The NFC version has water and crush resistance so you know it’s built to last. Sadly 5Ci does not have this – it is built with two different connectors and while not being water and crush resistant, it still feels sturdy.
They both have capacitive buttons for operation, this acts as an extra step of authentication when you leave it plugged into your device.
It is actually really easy to set them up – in this example we will link the key to Google account. First you need to log in and open Google account settings. Then select security and click 2-step verification.
This will prompt you to type in your password. Once in, click show more options and select the security key. At this point you need to plug in the token and tap to confirm. After that has completed you can name it. It is best to name it something obvious so if you have multiple keys on the account – you are able to differentiate between them. Congratulations, you now have attached a physical security token and activated two factor authentication!
I recommend buying two tokens and setting up one of them as a backup. Or you can set up backup codes just below and leave them in a safe location. Ideally print them out and put in a safe. This is in case you lose your primary token so you can log back in, deactivate the lost token and recover your account. If you don’t have these, the process of restoring your account with Google can take multiple days.
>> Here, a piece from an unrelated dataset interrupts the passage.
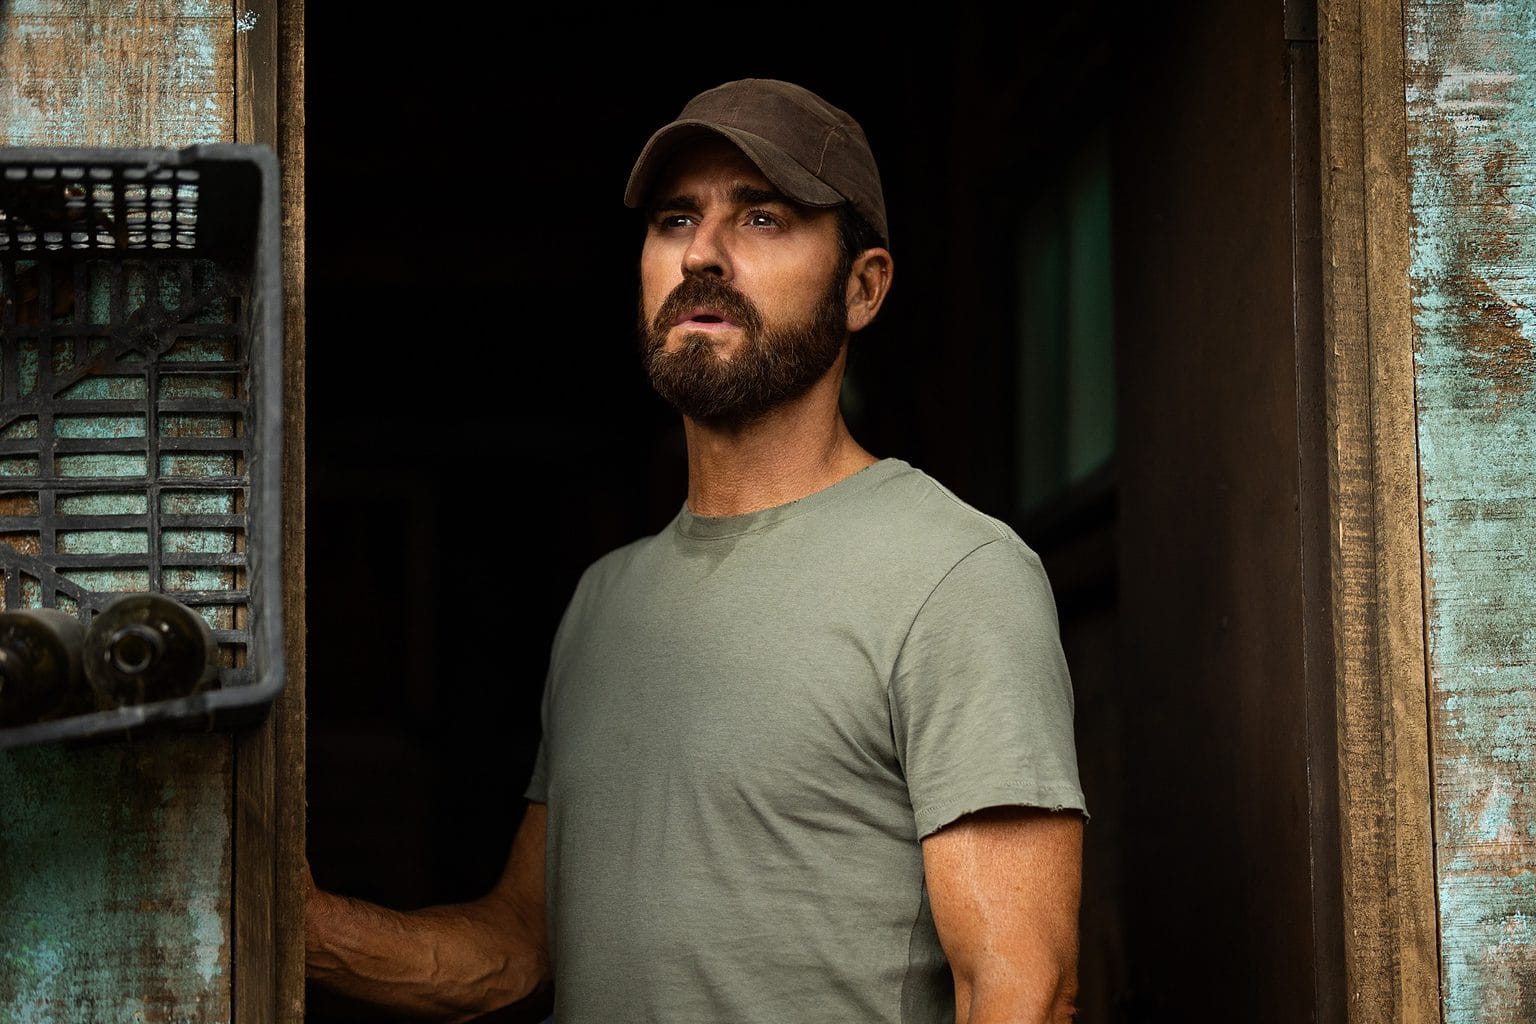 The Mosquito Coast season 2 recap Apple TV+: Allie Fox (played by Justin Theroux) comes clean to the kids -- mostly -- in the season two premiere.

With all of this done, we can test. Sign out from your account and try to log back in. It will prompt you to press the token and then your log-in is completed. You can also save this device so you don’t need to use the token in the future.
A bit of a warning to people who already have two factor authentication set up using SMS or authenticator and looking to use a physical key – after setting up your token, please ensure to remove other means of authentication to improve your security. If you don’t, then you are still vulnerable to the exploits I have mentioned before. This is so often overlooked.
For those who want to go a step further or people who do not trust password managers, you can set-up a so-called Double Blind password. Essentially you create a password in your password manager of choice and then add an extra secret code which is not stored there. This way if someone was to break into your password manager, they would only have a portion of your credentials and it would still be useless. You can do this by hand or you can leverage extra functionality on Yubikey. If you download the Yubikey manager, you can go to OTP manager and configure the long or short presses on the token. So you could set your long press to type in a static password and it will type that in for you.
A very important note, do not use static password feature as a master password because if you lose it, the attacker would essentially have everything they need to break in and steal your data.
The Yubikey manager has many more features so I would really recommend you check out their Users Guide.
With all of this done, you should be in a much more secure state, so use good practices on keeping your passwords and your tokens secure.